In the case of the woman above, whole facial masses are out of sync. The upper half of the face is broad and wide. The lower part is long and slender. She's still pretty. Every detail within the two masses is in sync, only the two large masses are off.
Here's (above) a woman with three major masses that are out of sync: the forehead and eyes are one mass, the cheeks and nose are another, and the mouth and chin are still another. Three separate design groups on one face! I kinda like it.
Here (above) we're back to a unified design again. What harmonizes this face is the repetition of rounded chevron shapes, not only in the details of the face, but in the shape of the jaw.

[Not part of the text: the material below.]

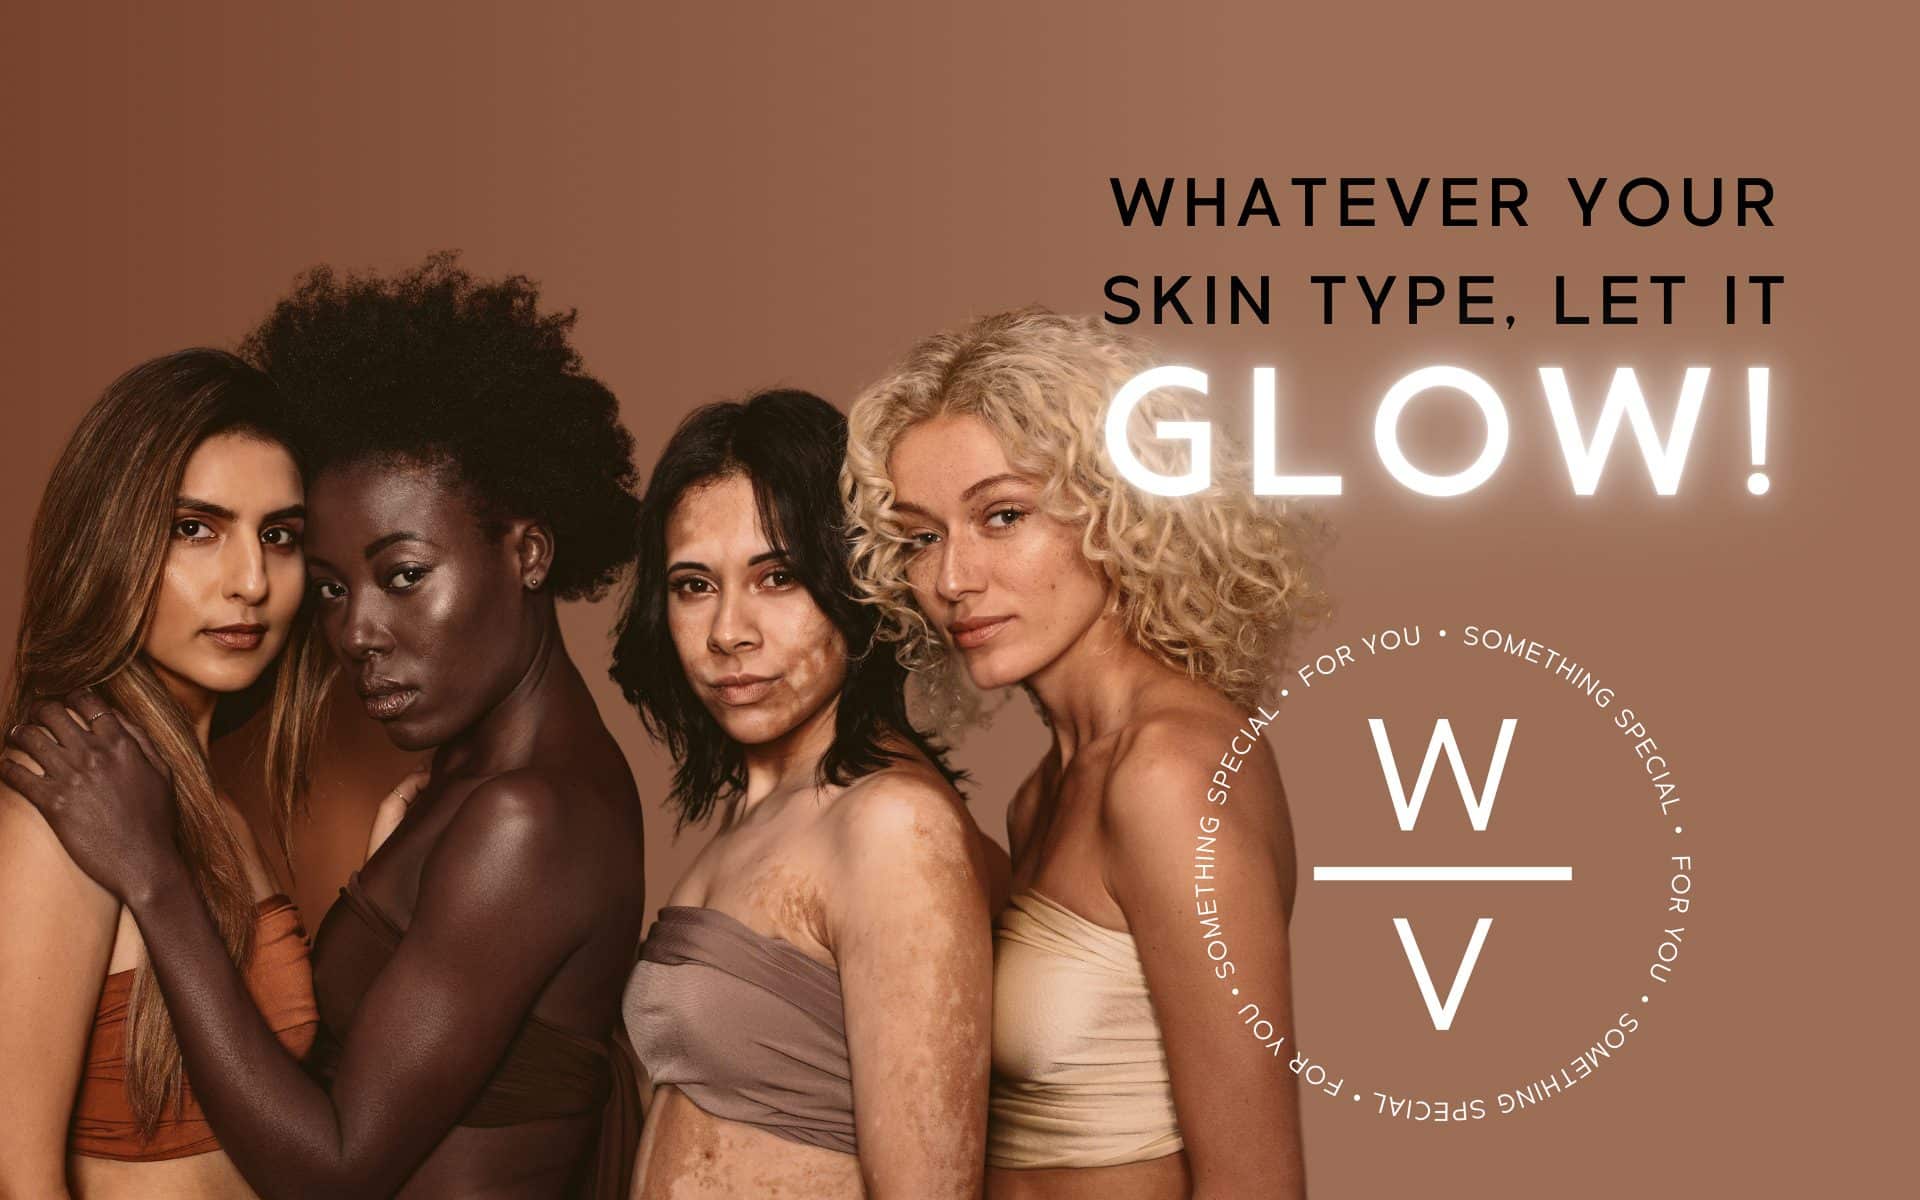 Wecke Voigts for you - Make your Skin glow
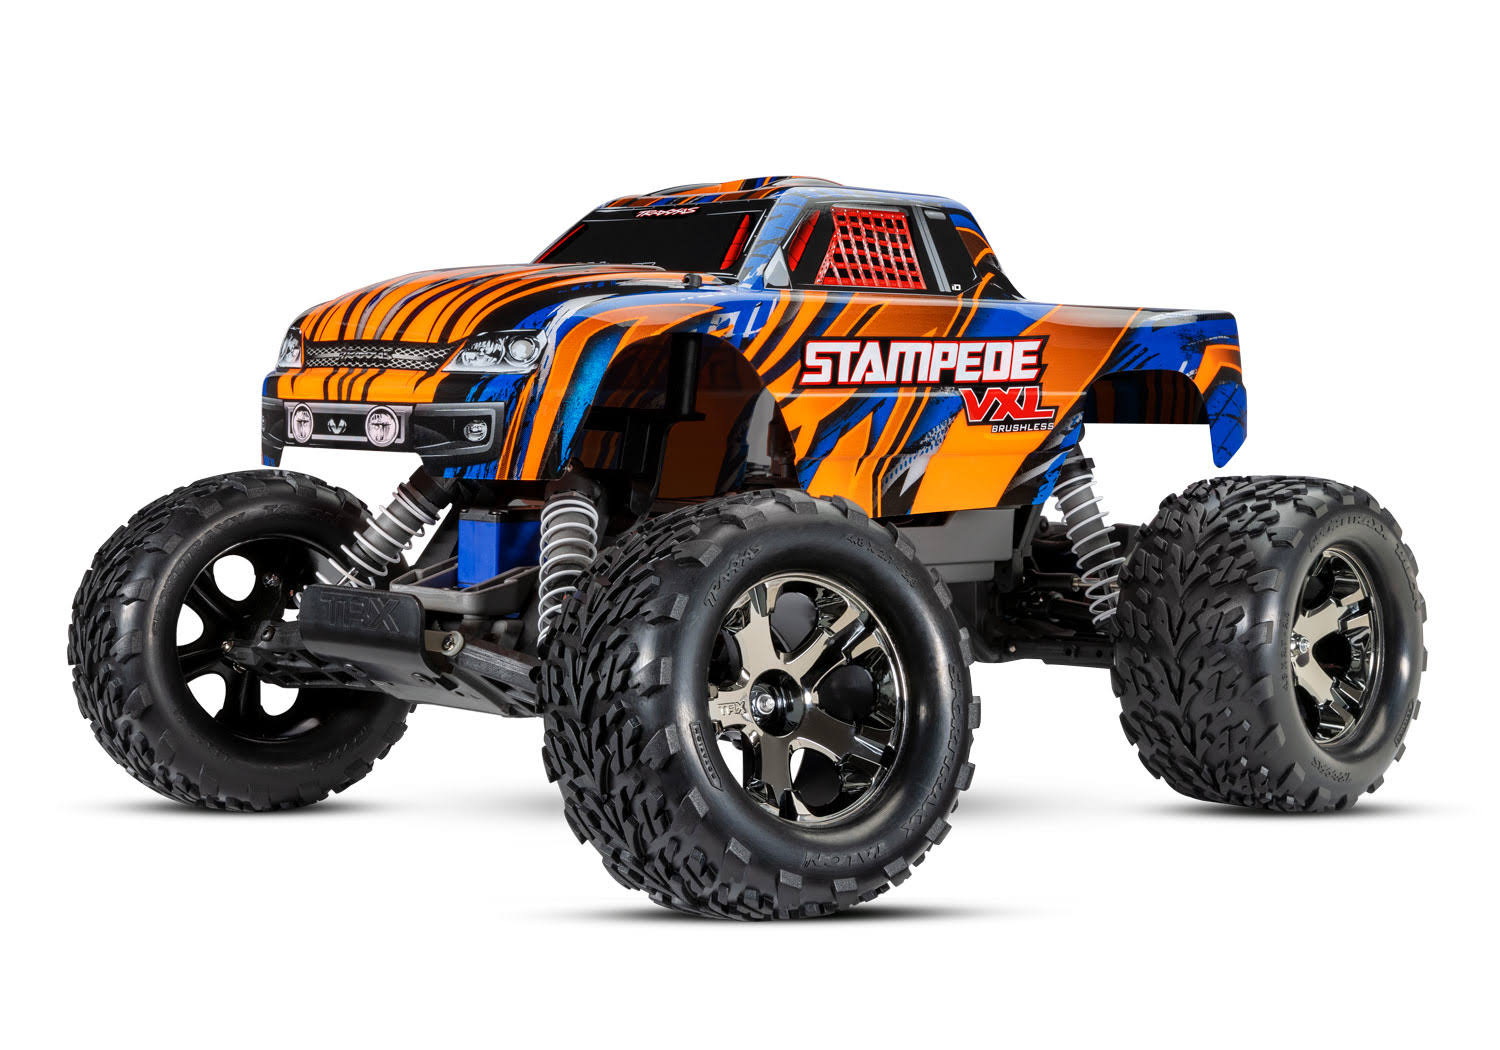 Traxxas Monster Truck Stampede Vxl Orange bl 2.4ghz Tsm Without Battery/charger

That's all I have to say about faces. I hope I haven't given the women on the site something to worry about. Most people have out of sync faces after 25 or so...that's what gives them character. Look what it did for Jeanne Moreau (above).
I have nothing else to say about facial structure, but while searching for faces on the net I discovered the interesting pictures above and below, so I thought I'd pass them on.
What do you think of the picture of the two sisters above (click to enlarge)? I like it a lot. It's so happy, so full of good vibes. It brings back pleasant memories of family members I met when I was a kid.
Okay, this is gruesome. Sometime after this picture (above) was taken, this woman was shot in the face with a shotgun. After shooting her, her husband shot himself. Miraculously both survived, but the wife required a facial transplant, possibly the world's first.
Here she is before surgery (above, left), and after (above, right). I assume the swelling in the jaw'll go down when the face heals. If you cover the overly-broad part of the face, you can see that the middle is a big improvement. Maybe I'll donate my face to somebody before I kick the bucket. It won't mean much without the buck teeth, though.